In Numbers 22-24, Balak king of Moab was fearful of the Israelites who were conquering kingdoms on their way toward him. He contracted a pagan priest named Balaam to curse Israel so that he might defeat them. However, God prevented Balaam’s cursing; no outside force was great enough to withstand Israel as they followed God’s command (You should read these chapters; a talking donkey is worth the time!). But in the 25th chapter, it is reported that the Israelite men pursued sexual relationships with Moabite women who led them into idolatry. This compromise of morality that led to idolatry caused a plague that claimed 24,000 Israelite lives. Though they could not be destroyed by the curses of their foes, they might quickly be overcome when they compromised their loyalty to God and his commands. God’s boundaries and requirements for our lives are for our own good and the good of our faith community!
Take note of Numbers 25:7-8; the plague was stopped when Phinehas took decisive action against the idolators by killing one of them and his Moabite mistress. You tell me: is it important that we hold the members of our faith community to moral standards, or should we compromise to avoid hurting someone’s feelings?
There are three things Jesus asked for in this model prayer. First, he asked for daily provision.
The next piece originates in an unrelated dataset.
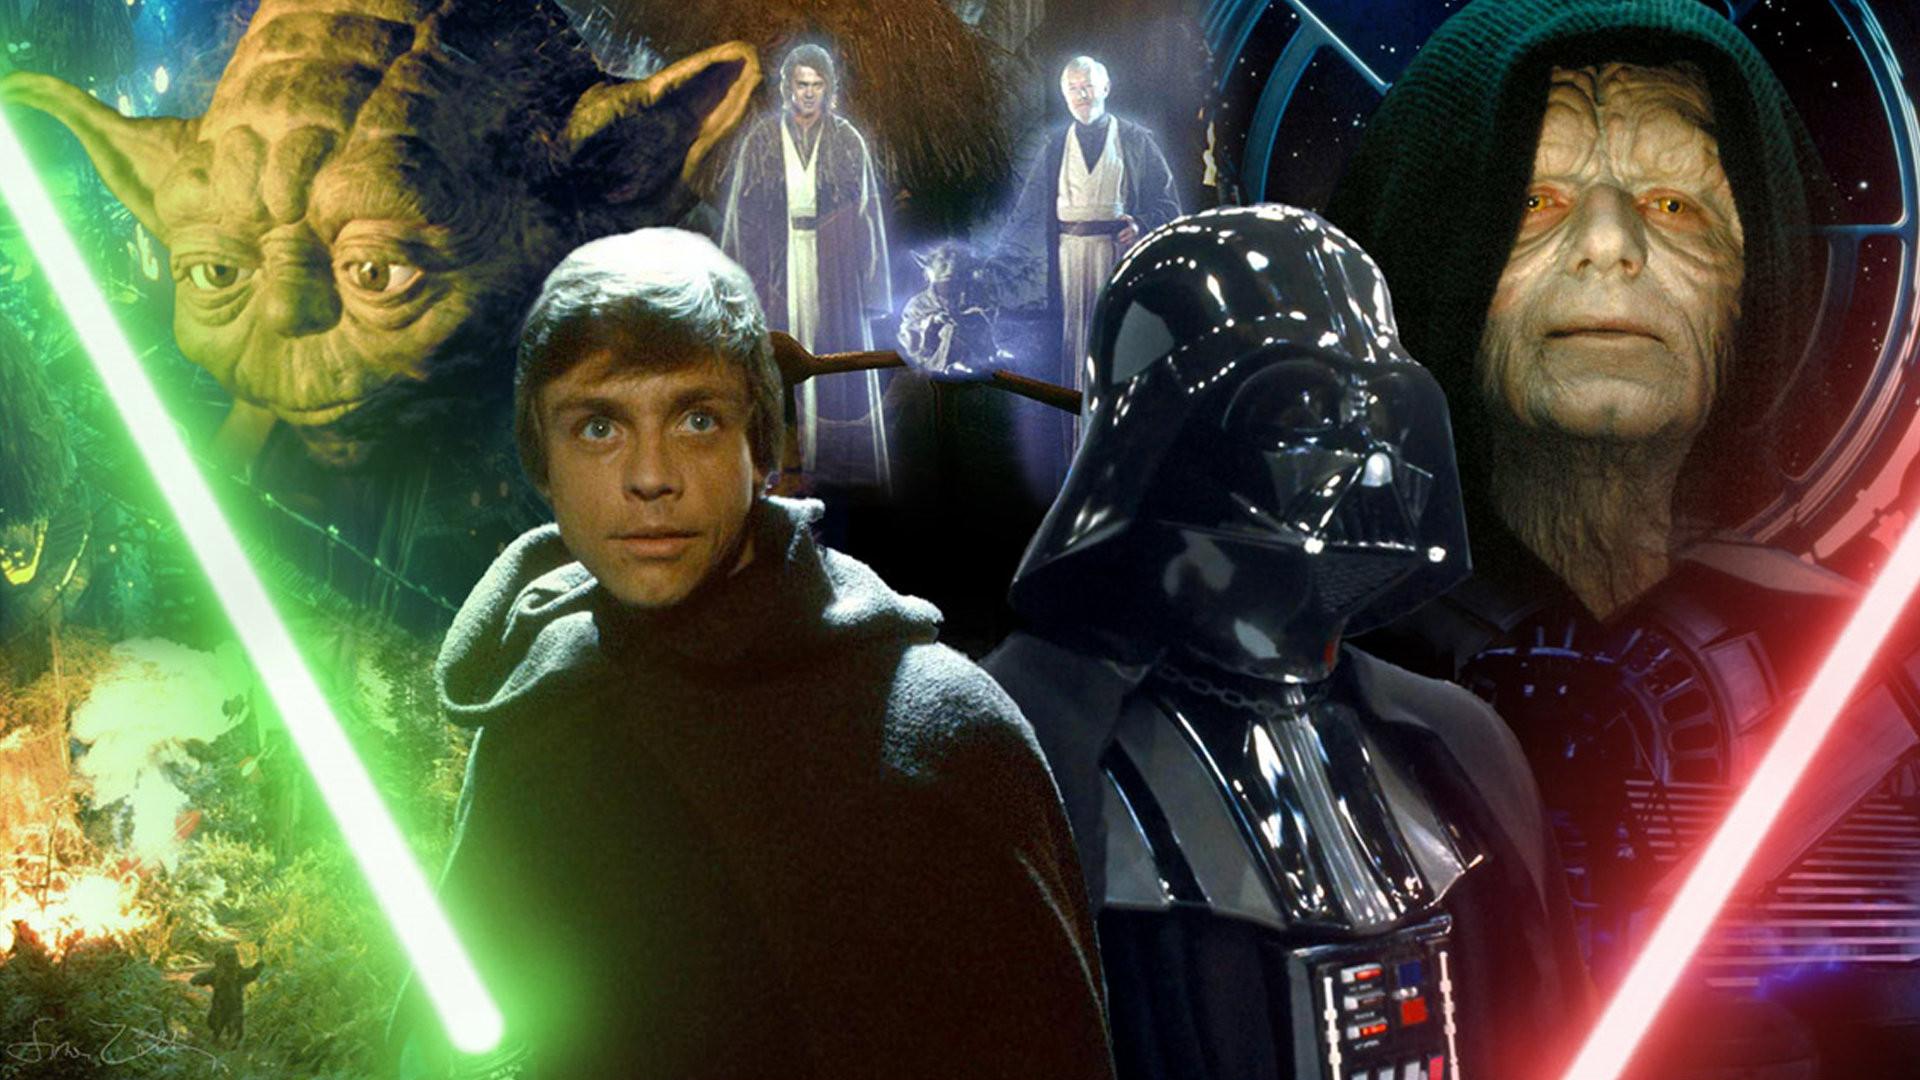 Star Wars Episode Vi Return Of The Jedi Hd Wallpaper Background Image 1920x1080 Id 507135 Wallpaper Abyss

God knows our needs and is willing and able to provide if we simply recognize our dependence on him. It might actually be a win at the rodeo because the finances or the confidence it gives is what we really need that week. It might be the struggle of a continued losing streak because how we grow from it is what we really need. Second, he asked that we would be forgiven as we are forgiving. Sin is a part of our experience in this life and recognizing our own need for grace will result in the extension of grace to others when they sin against us. It is by grace that we have peace with God, and it is by grace that we will have peace with others. Third, we live in a world of things that can tempt us to wander from the path God has set before us. The problem is not so much the things outside of us as it is the desire for sin inside of us. James 4:1 and following reminds us of this truth: “What causes quarrels and what causes fights among you? Is it not this, that your passions are at war within you?”
As you pray, ask God to provide for you needs today. Ask him to forgive you of your sin and from that grace empower you to be forgiving toward others. Finally, ask him to keep you from the things your sinful heart is drawn toward and from the tactful lies of the enemy of your soul.